I was using a 15s monitor then; I am running now with a 2m monitor interval to
see if it will stay up. If it runs all night I might have a marginal
confidence in the thing. At least I can reliably run failover testing now.
This a 9211 masterswitch with the 9606 web/telnet/snmp card; it is an older
device and long out of support. I checked last night that the apc has the
latest firmware, so there isn't much I can do with it except replace it or
figure out how to prevent it from warmstarting.
FWIW the apcmastersnmp.c code in 2.1.3 will not compile; it fails with a
reference to a missing lha_internal.h.
> >> The stonith daemons start successfully now, but with a monitor interval
> >> of 15s one of the two fails fairly quickly.

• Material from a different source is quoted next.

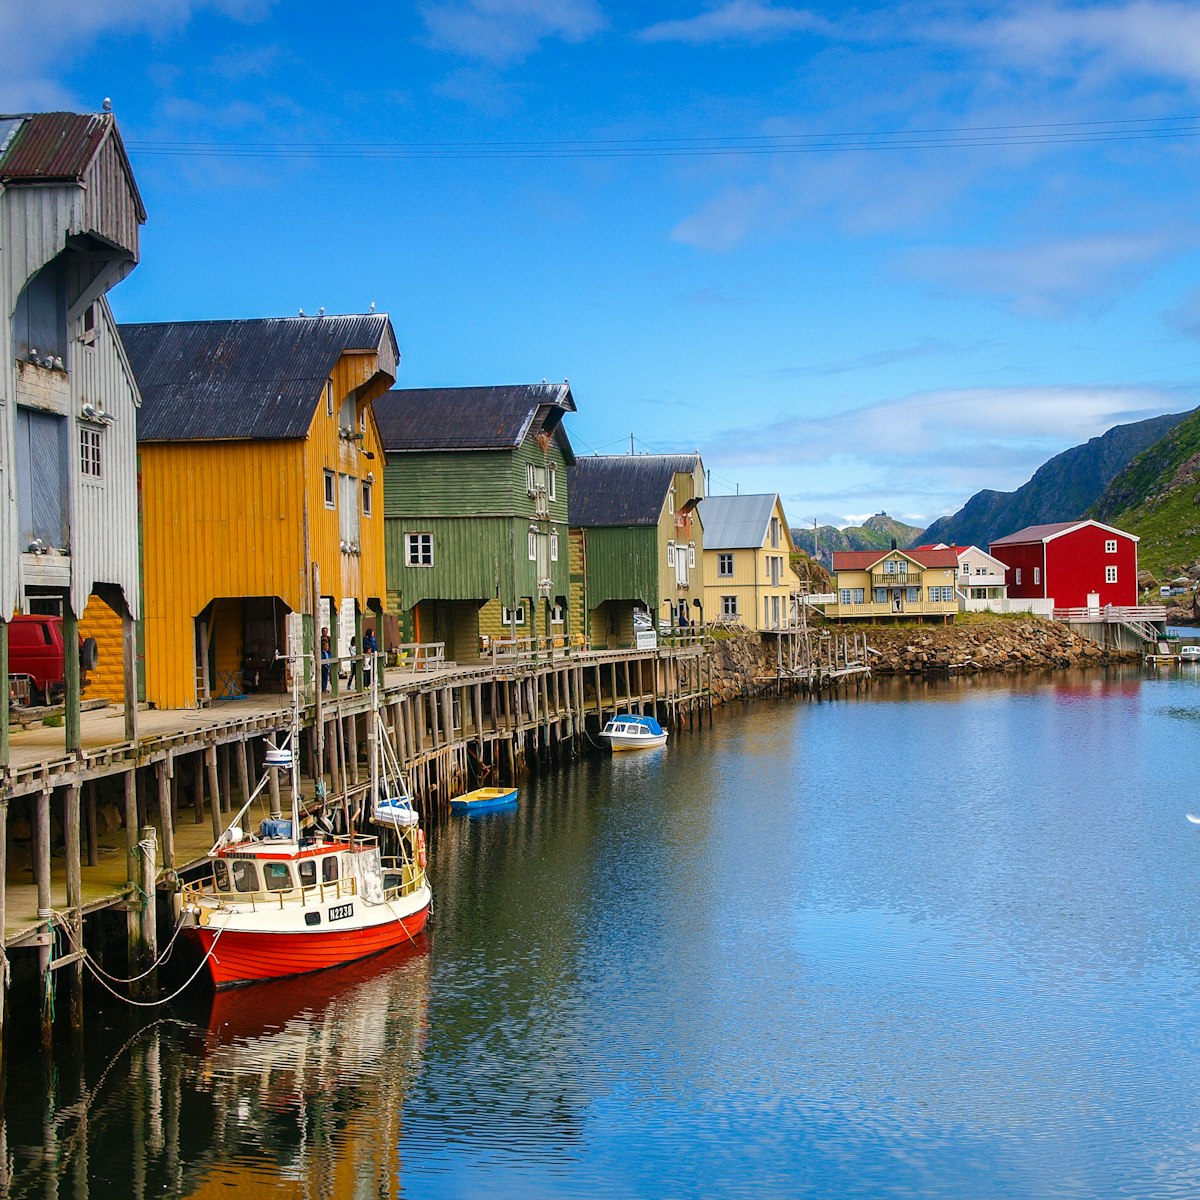 harbour boat house norway nyksund; Shutterstock ID 120028675; Your name (First / Last): Josh Vogel; Project no. or GL code: 56530; Network activity no. or Cost Centre: Online-Design; Product or Project: 65050/7529/Josh Vogel/LP.com Destination Galleries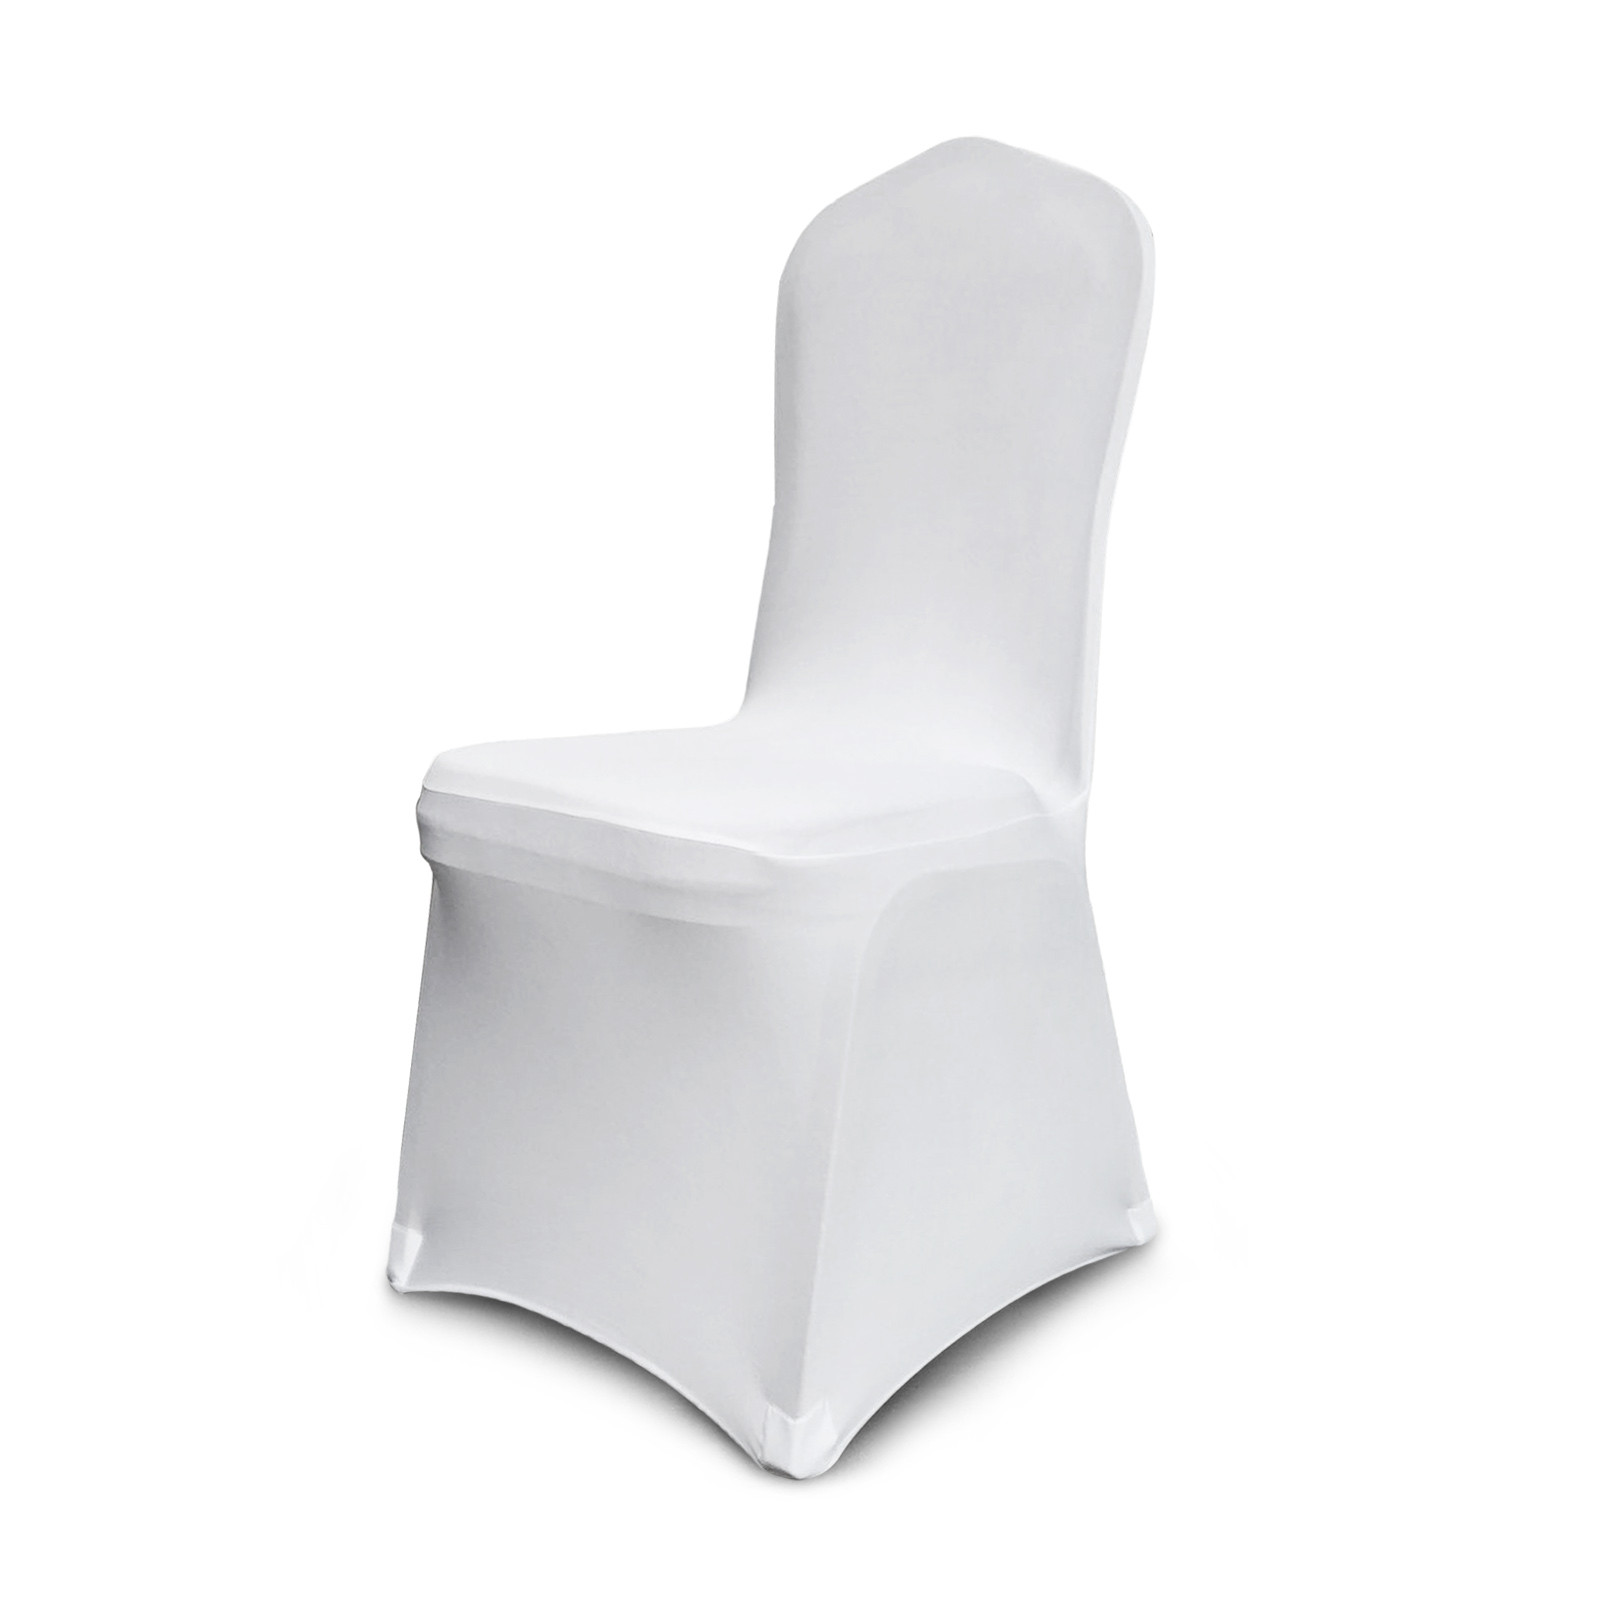 IVhomeshop 5 pcs Arched Front Chair Covers Wedding Anniversary Party Cover Event Dining Banquet Decoration meeting Slipcovers White Lycra Spandex Stretch covers

The apc (9211 masterswitch)
> >> only allows a single login, and I wonder if the two daemons aren't
> >> colliding, and one is timing out and giving up.
> >
> > Did you take a look at the logs to confirm this?
>
> You should be able to see something in the logs to this effect, did you
> add "debug 1" to your ha.cf files and look? Based on timestamps you
> should be able to see if one tries to login while the other one IS
> logged in.
>
> > Thanks,
> >
> > Dejan
> >
> >> Fortunately this is a test cluster;
> >> from what I have seen I would never put this pdu in production. I will
> >> work with an external/ssh stonith setup to see if I can't avoid the
> >> problems with the apc.
--
-- Michael
--- apcmaster_orig.c 2007-12-21 09:32:27.000000000 -0600
+++ apcmaster.c 2008-02-19 18:24:48.000000000 -0600
@@ -147,8 +147,11 @@
#define APCMSSTR "American Power Conversion"
-static struct Etoken EscapeChar[] = { {"Escape character is '^]'.", 0, 0}
- , {NULL,0,0}};
+static struct Etoken EscapeChar[] = { {"Escape character is '^]'.", 0, 0},
+ {"User Name :", 1, 0},
+ {NULL,0,0}
+ };
+
static struct Etoken login[] = { {"User Name :", 0, 0}, {NULL,0,0}};
static struct Etoken password[] = { {"Password :", 0, 0} ,{NULL,0,0}};
static struct Etoken Prompt[] = { {"> ", 0, 0} ,{NULL,0,0}};
@@ -187,13 +190,26 @@
static int
MSLogin(struct pluginDevice * ms)
{
- EXPECT(ms->rdfd, EscapeChar, 10);
+ int rc;
- /*
- * We should be looking at something like this:
- * User Name :
+ /* Patch from Dave Blaschke
+ * Apparently some telnet apps display the escape character while
+ * others don't, so we need to handle both possibilities...
+ *
+ * rc == 0 : "Escape character is '^]'." found
+ * rc == 1 : "User Name :" found
+ * rc < 0 : Neither found or timeout
*/
- EXPECT(ms->rdfd, login, 10);
+ if ((rc = StonithLookFor(ms->rdfd, EscapeChar, 10)) < 0) {
+ return(errno == ETIMEDOUT ? S_TIMEOUT : S_OOPS);
+ } else if (rc == 0) {
+ /*
+ * We should be looking at something like this:
+ * User Name :
+ */
+ EXPECT(ms->rdfd, login, 10);
+ }
+
SEND(ms->wrfd, ms->user);
SEND(ms->wrfd, "\r");
signature.asc
Description: This is a digitally signed message part.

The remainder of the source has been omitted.